■ About this exercise ■
Given the entries below, would you transcribe exactly the lines starting at the one with "Samsonite Black Backpack" and ending at the one with "Illinois License and Permit Bond Form", both kept, pictures omitted, nothing extra?

##### Material provided #####

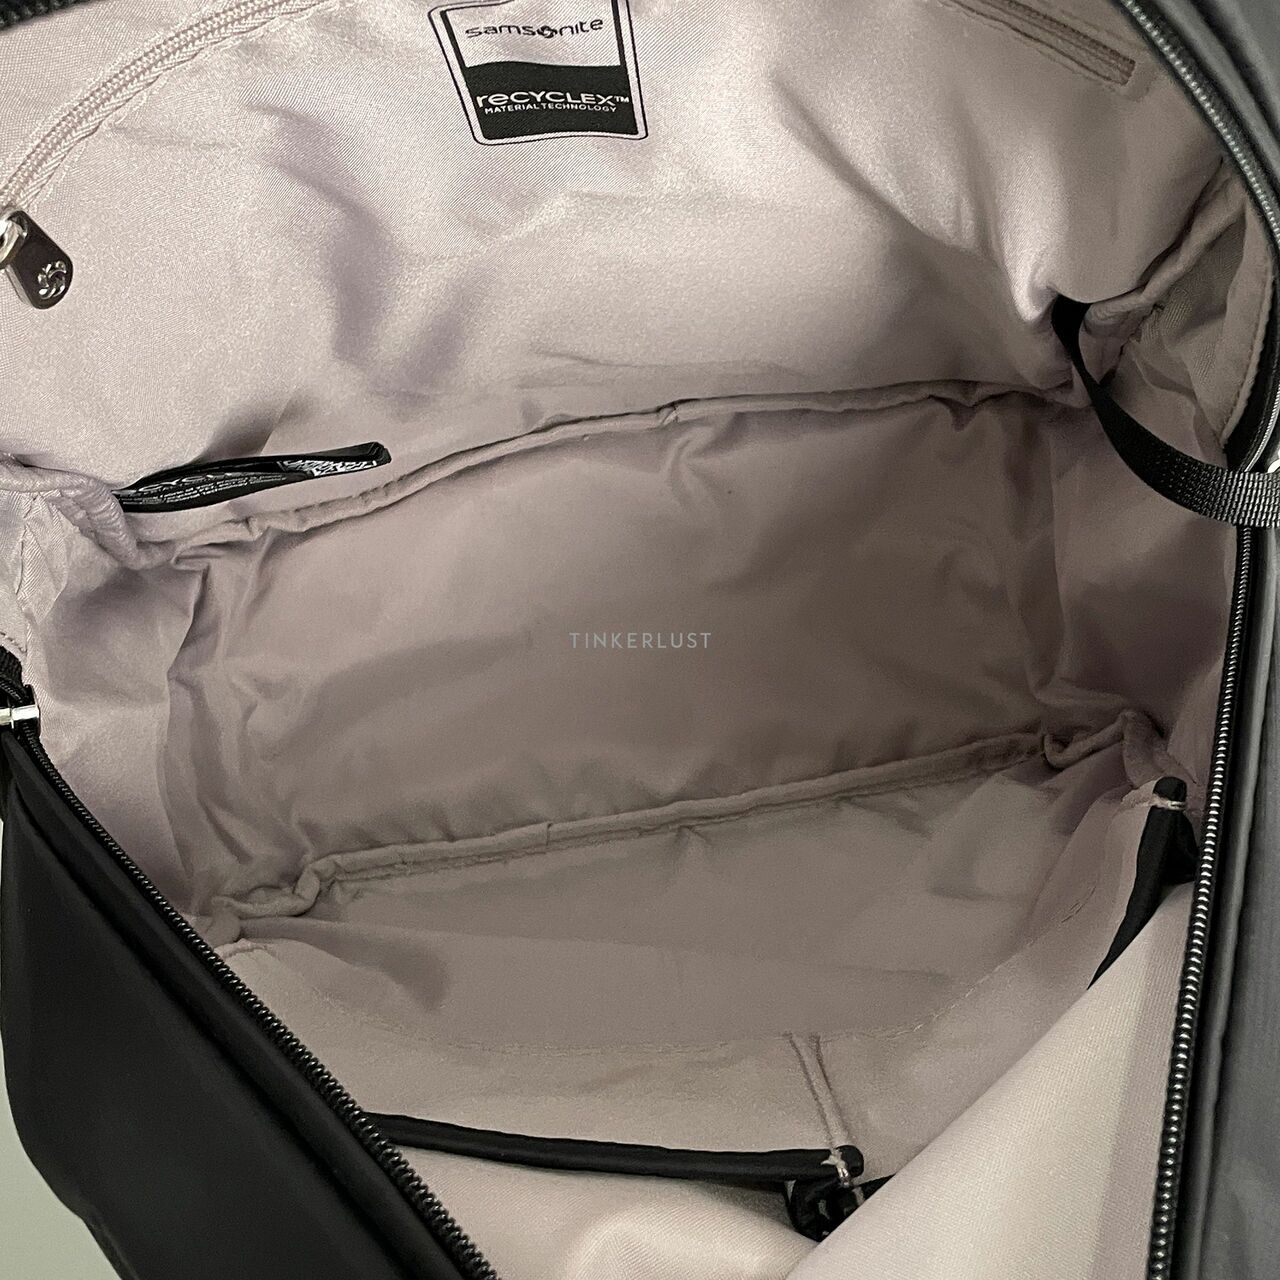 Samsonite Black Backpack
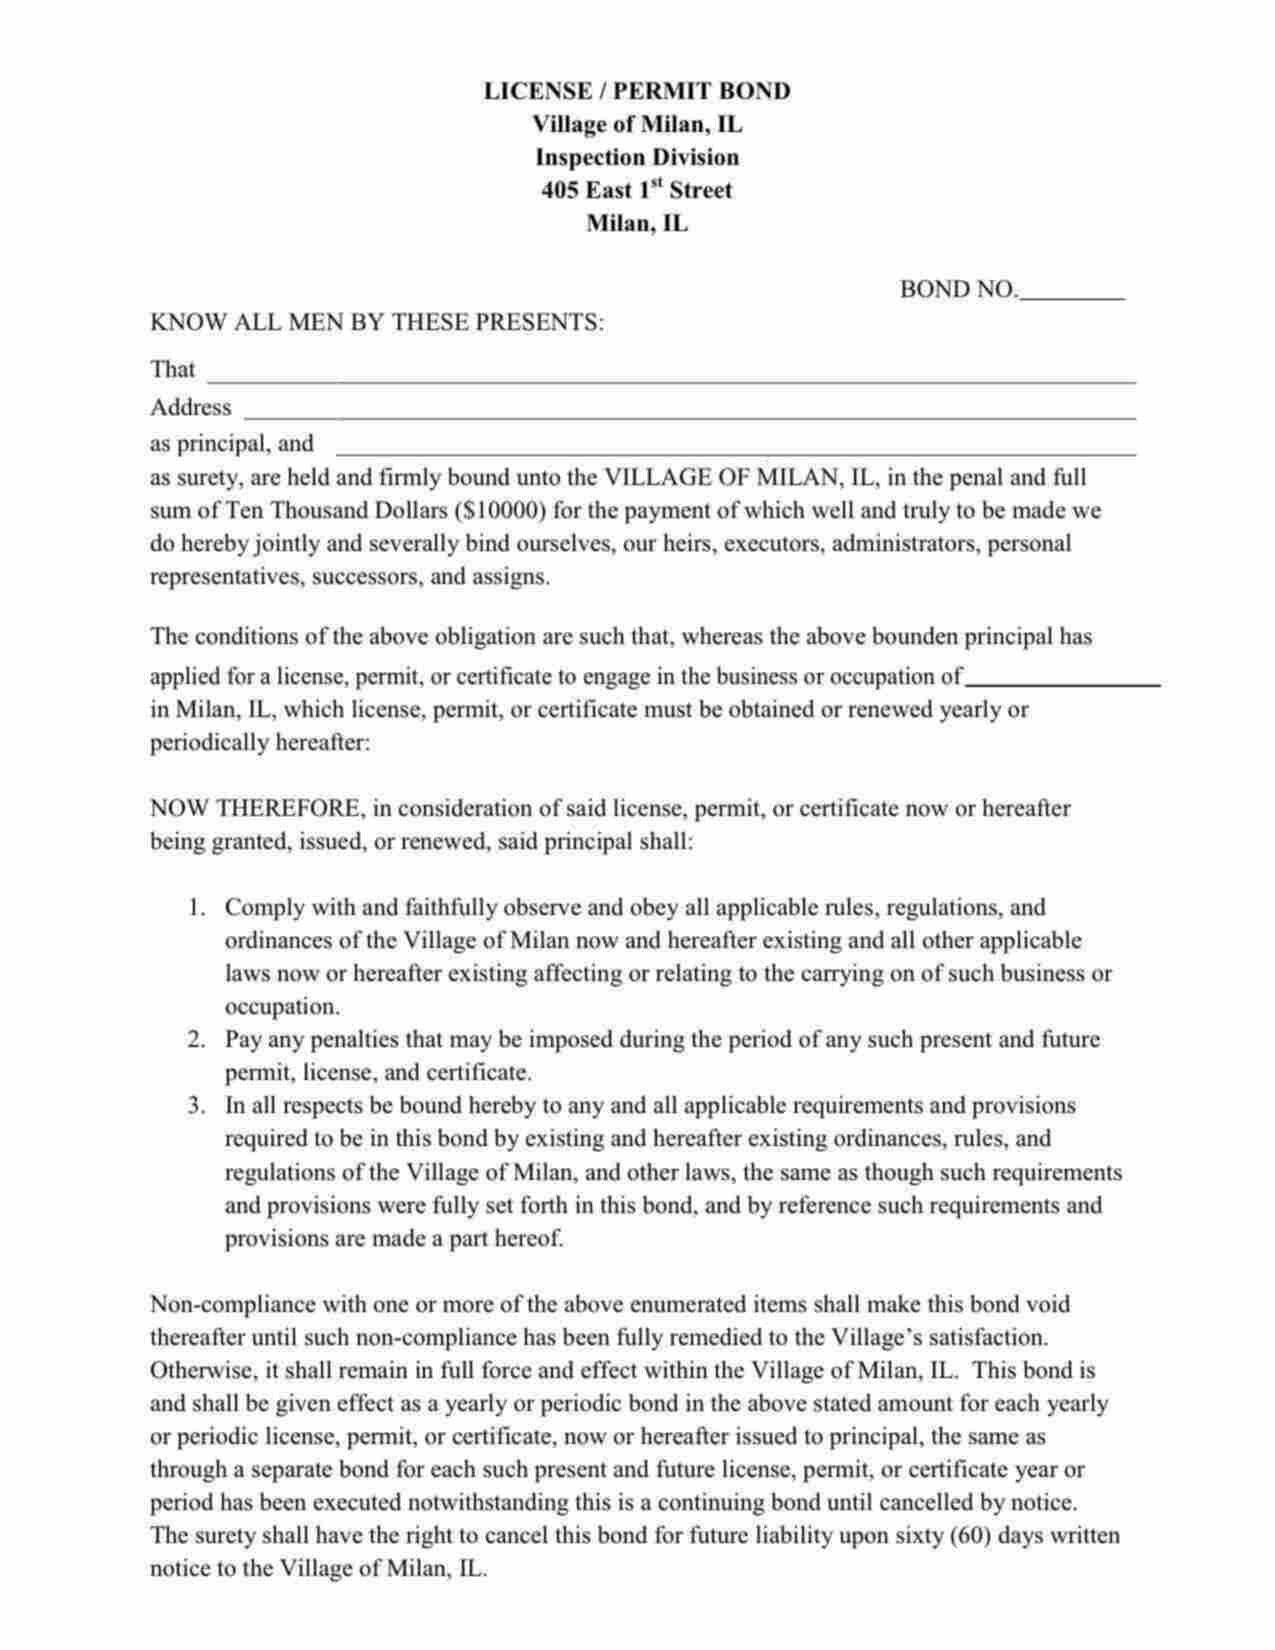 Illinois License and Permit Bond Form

#####
##### Material provided #####

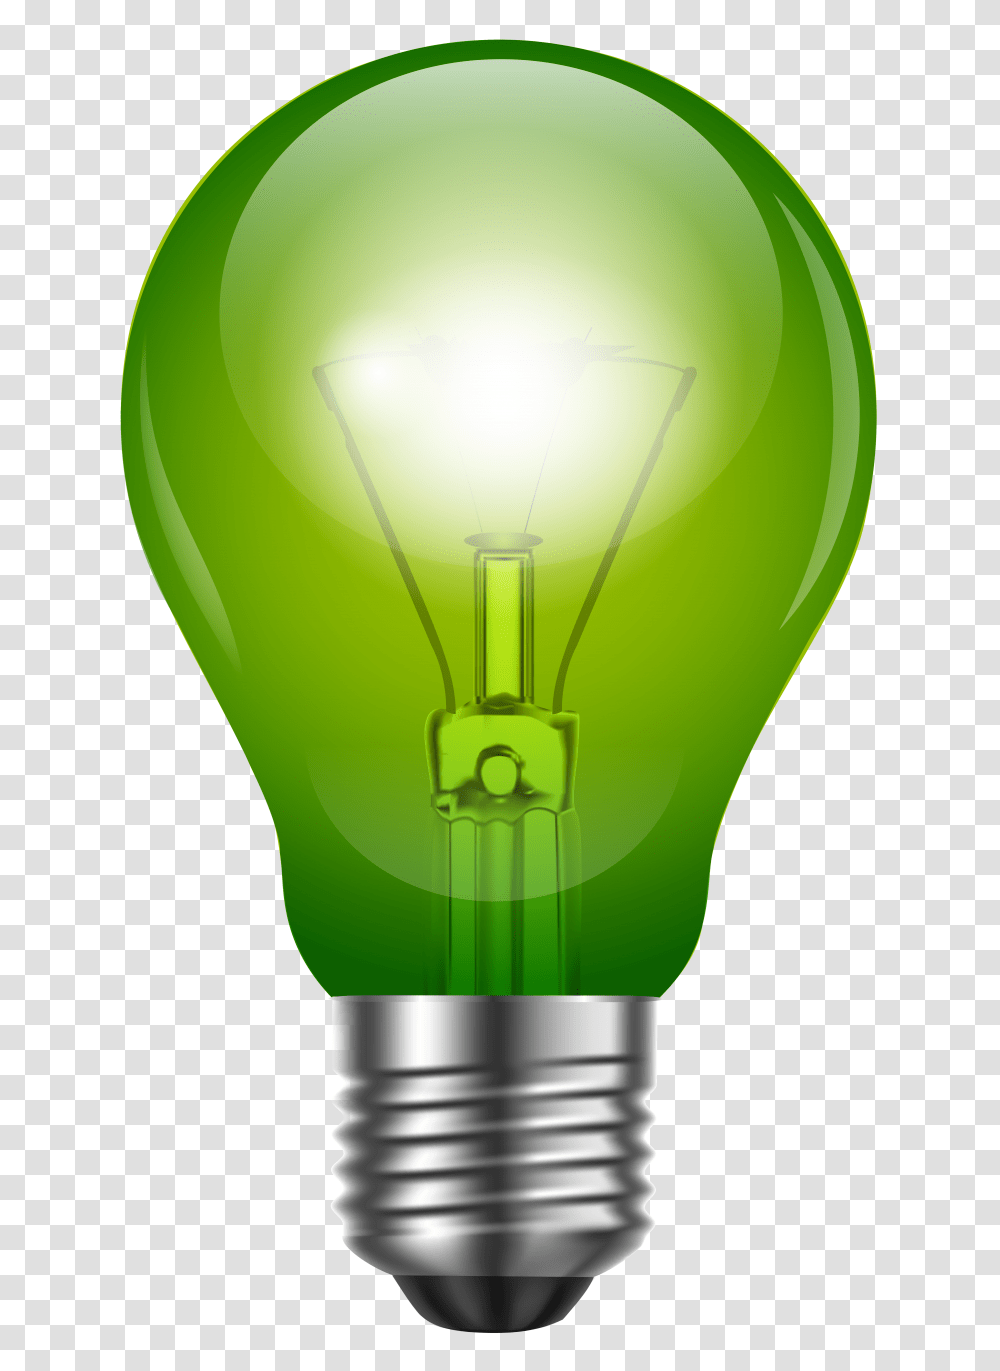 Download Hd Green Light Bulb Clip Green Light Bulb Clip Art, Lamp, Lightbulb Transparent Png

#####

■ Solved problem ■
 Samsonite Black Backpack
 Illinois License and Permit Bond Form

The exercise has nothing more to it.